Внезапно какая-то мысль озарила его бледные, заострившиеся черты, и он вынул из того же ящичка кучу бумажных пакетиков с буро-коричневым порошком. Посмеиваясь, он плотно набил комочками опиума длинную трубку, подаренную Метманом, и стал жадно и сильно затягиваться, пока не почувствовал, как жизнь его растворяется и уходит струйками куда-то ввысь, смешиваясь с едким сизым дымом. Ему вдруг захотелось пить, и он, пошатываясь, вытащил бутылку водки и жадно выпил ее всю, до последнего глотка, как воду, не почувствовав вкуса. Заметив, что порошок еще остался, он попытался было вернуться к столу, но не смог, поняв, что ноги отказываются слушаться его.
Остатком угасающего сознания он понял, что внизу хлопнула входная дверь, и знакомый голос из какого-то запредельного, несуществующего далека крикнул –
– …Не-е-е-ет! Пьер! Господи, что ты наделал!..
Боли он не почувствовал, поняв, что медленно летит куда-то вниз, в темный, расплывающийся перед глазами пролет лестницы, и переворачивается, взмахивая крыльями, и видит, как прямо на него, вращаясь, несутся острые каменные ступени, круша его ребра, ломая кости, отсекая суставы, и последней вспышкой разума он ощутил, что теперь-то уже несомненно счастлив…
Навсегда.
И улыбнулся.
Эпилог
Рука на плече.
Печать на крыле.
Промокла тетрадь…
Я знаю, зачем иду по земле.
Мне будет легко улетать.
Елизавета Михайловна Хитрово рыдала в голос, заламывая руки, и растерянная Долли уже полчаса не могла ее успокоить.
Князь Ларионов, приходившийся им родственником со стороны Кутузовых, был накануне в гостях у Хитрово. В непривычной тишине вполголоса обсуждали последние события – дуэль, смерть Пушкина, странную кончину Хромоножки, легкое ранение Жоржа Дантеса, несчастную вдову, о которой, по слухам, готов был позаботиться государь… Сидели, плакали, тихо вспоминая Александра Сергеевича, последние месяцы его жизни, его непростой, тяжелый и вспыльчивый нрав, читали его стихи…
Вспомнили и об анонимных дипломах, с которых все началось, и вновь принялись гадать, кто же мог быть автором. Долли принесла хранившийся у нее конверт с анонимным письмом, и все стали дружно разглядывать его, пытаясь вычислить негодяя по почерку.
Внезапно князь Ларионов, почти не принимавший участия в разговоре, так как не имел чести знать Пушкина лично, порывисто встал и подошел к столу, где лежал пустой конверт. Взяв его в руки, он долго и пристально разглядывал диковинную печать, при этом лицо его сильно побледнело и покрылось потом, как будто ему стало плохо с сердцем.
Сразу же после этого Сергей Петрович ушел в сильном волнении, о причине которого не сказал никому.
Его старенький слуга, не переставая плакать, поведал полиции, что Сергей Петрович, придя домой, сразу же заперлись у себя в кабинете и никого не велели пускать. «Как пришли, так на них и лица не было», – все приговаривал несчастный старик, никак не ожидавший, что переживет своего барина.
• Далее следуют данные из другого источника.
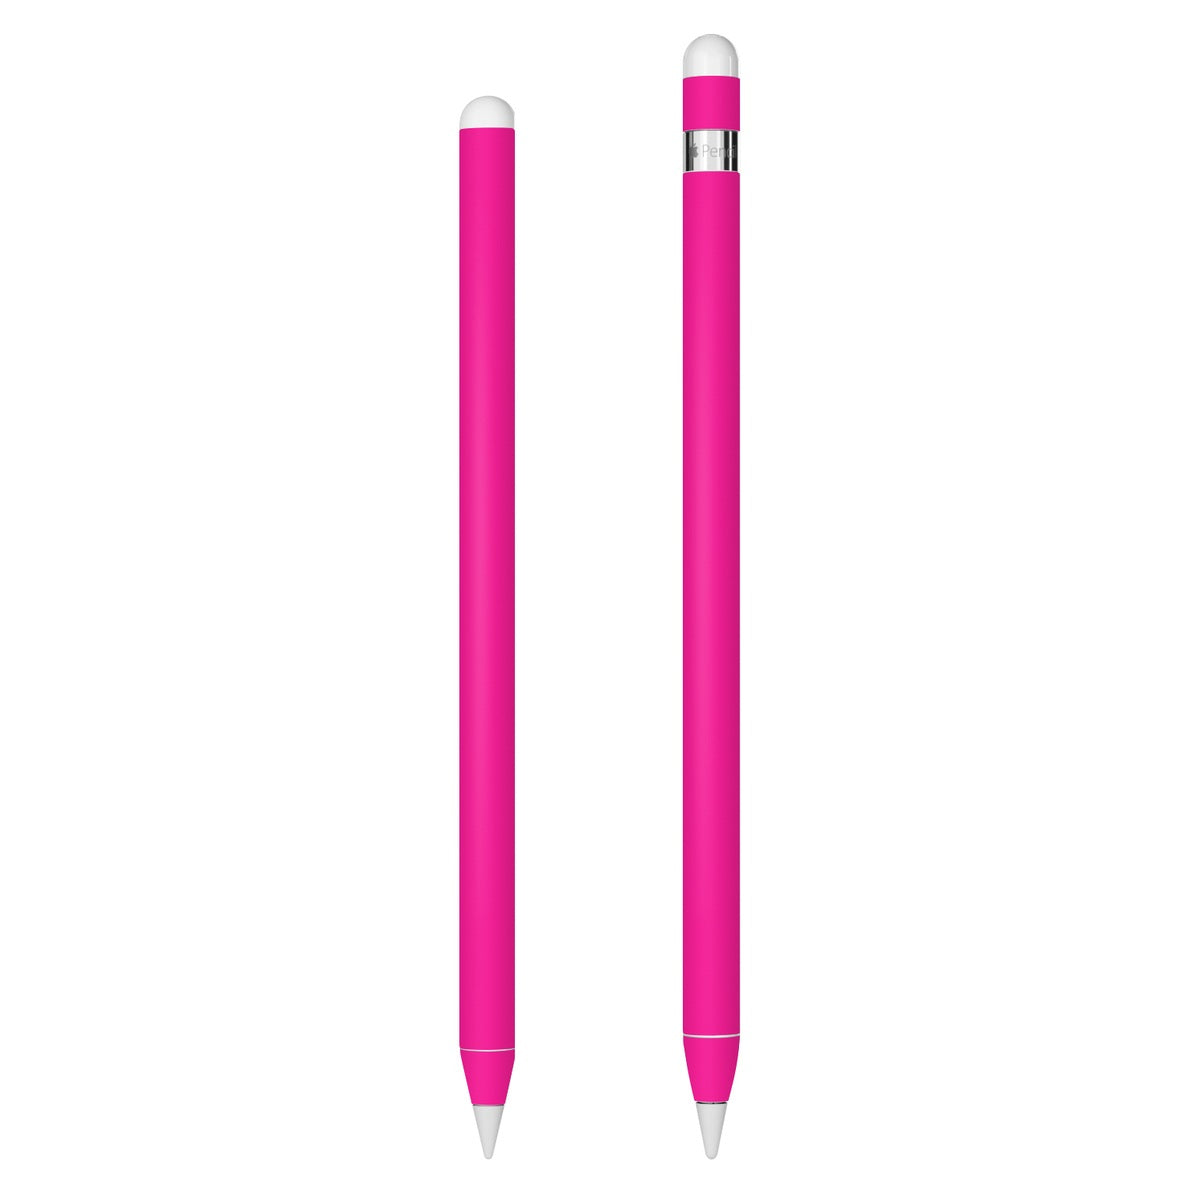 Solid State Malibu Pink - Apple Pencil Skin

А минут через десять раздался выстрел…
Князь Ларионов лежал на полу вниз лицом посреди заваленного книгами и бумагами тесного кабинета. На столе полиция обнаружила записку:
30 января 1837 г., около четырех часов пополудни
Прими, Господь, грешную душу усопшего раба твоего Петра…
Стоя у гроба Пьера, Иван Гагарин не слышал слов молитвы. Вот уже третий день он жил в кромешном, непрекращающемся кошмаре, из которого не было видно выхода.
Опустошенный и потрясенный смертью друга, произошедшей у него на глазах, он с трудом понимал, что происходит вокруг, продираясь к реальности сквозь густую пелену удушливого черного тумана.
…Он решил вернуться и еще раз поговорить с Пьером. За два года он так привык к его присутствию, странным переменам его настроения – от цинизма к пронзительной, пылкой нежности и обратно, его привычкам, книгам, разговорам, что просто взять и вычеркнуть его из своей жизни был не в силах.
Но с верхней ступеньки лестницы на него взглянул не Пьер, а кто-то совсем другой, незнакомый, вселяющий ужас, совершенно безумный человек с седыми как лунь волосами…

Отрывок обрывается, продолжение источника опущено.